Advertisement

Panel OKs Retooled Proposal for Charter

Share
TIMES STAFF WRITER

Los Angeles’ elected charter reform commission approved a complicated package Monday aimed at reaching as much consensus as possible with the appointed commission on a plan to rewrite the city constitution.

The package by no means assures that consensus. It includes conditions that are likely to rankle the appointed commission, and even some supporters of the deal acknowledged that it still could unravel.

The proposal now moves to the appointed group, which will consider it Wednesday. If the appointed commission does not support that approach, voters might still be asked to choose between two different charters, one written by each commission.

Advertisement

If that panel does agree to it and the City Council also leaves that agreement intact, voters would probably have the chance in June to consider one largely agreed upon charter as well as separate ballot measures to increase the size of the City Council, to grant the mayor unfettered firing authority over department heads, and to create elected neighborhood councils.

“The charter that the appointed commission approved unanimously last week is the unified charter,” said George Kieffer, chairman of the appointed panel. “The elected commission is adopting something else. . . . This risks opening up the whole process.”

Monday’s vote came less than a week after the elected commission rejected a compromise with its appointed counterpart. But as is the habit of the elected commission, the key vote came only after confusion and what passes for drama in the charter reform debate.

First was a spirited discussion about one alternative, a measure backed so enthusiastically by Commissioner Bennett Kayser that he yelled out his motion without waiting to be recognized. When that proposal failed to win a majority, the commission moved to another alternative, only to then entertain a last-minute suggestion that the panel stop tinkering with its drafts and simply approve the compromise package adopted last week by the appointed panel.

Mayor Richard Riordan had fought hard to avoid that scenario, but one of his strongest commission supporters, Rob Glushon, shocked Riordan allies when he allowed it to come to a vote, apparently believing he would prevail. It failed by a single vote.

Once it had lost, the commissioners finally found a solution they could live with. By a 12-1 vote, the panel supported a deal crafted largely by Glushon.

Advertisement

“It’s always been characteristic of this commission that we always do things the hard way,” Chairman Erwin Chemerinsky said after the vote.

Under the proposal, the elected commission agreed to most of the compromise charter hammered out by leaders of the two commissions and adopted by the appointed panel. But in order to sign on with that deal, a majority of the elected commissioners demanded that voters be given the chance to approve separate measures on creating elected neighborhood councils and on allowing the city’s mayor to dismiss department heads without City Council intervention.

In addition, the elected commissioners insisted on two amendments to the main body of the compromise charter. One would weaken the council’s power to overturn decisions by city commissions, and the other would let the mayor fire members of all commissions at will.

Backers of that package approved it to pave the way for a largely unified deal, but they may not succeed. The appointed commission has considered those ideas and rejected them, and some members of the appointed commission resent their counterparts’ attempts to dictate terms for a continued discussion.
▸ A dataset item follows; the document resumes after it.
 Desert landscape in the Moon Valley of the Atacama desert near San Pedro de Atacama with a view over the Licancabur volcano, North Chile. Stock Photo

The conditions that the elected commission attached to its support for the unified charter may be particularly irritating to their appointed counterparts in the areas of mayoral power over commissioners and council power to review commission actions. One elected commissioner, Jackie Dupont-Walker, characterized those as “poison pills.”

The appointed commission’s executive director, Raphael Sonenshein, was in the audience for the vote, but declined afterward to predict how his panel would react to the conditions attached Monday.

Advertisement

Still, it was evident from the elected commission’s discussion that a majority of that panel was not prepared to support the unified charter as written. As a result, some advocates of a compromise package, including Chemerinsky, urged adoption of the proposals Monday as the only real chance for a show of unity.
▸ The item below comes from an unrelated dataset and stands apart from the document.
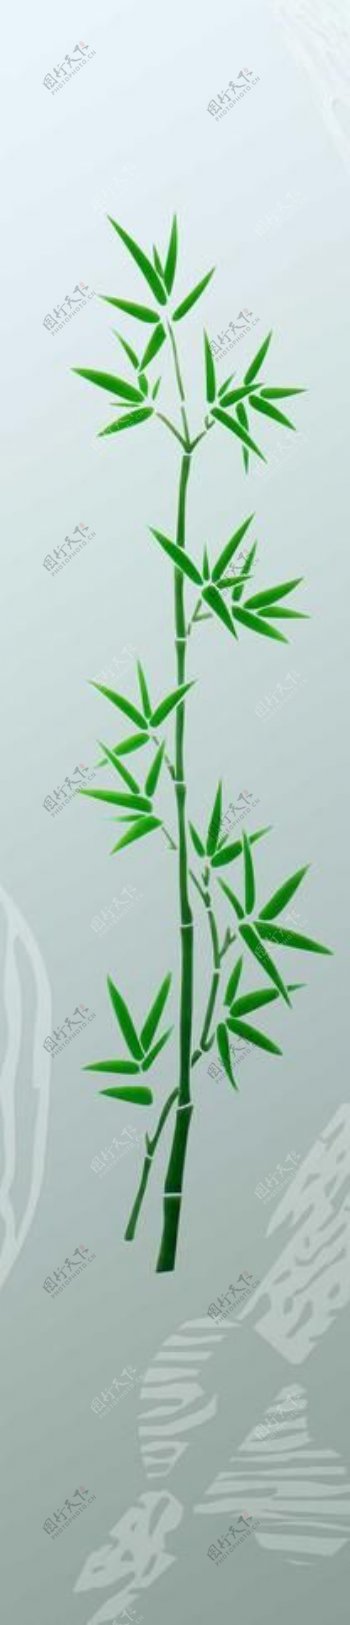 竹子图案

When it came time for him to speak, Chemerinsky managed both to lambaste the proposal and urge its passage--an approach that would seem strange anywhere else but conformed with the Alice in Wonderland logic that sometimes carries the day on divisive charter issues.

“I want to strongly urge my fellow commissioners to adopt this proposal,” Chemerinsky said. “I don’t like many aspects of it. I don’t like it strategically. I don’t like it substantively.”

But Chemerinsky added that he would support the measure because without it, all chances of compromise with the appointed commission would be gone.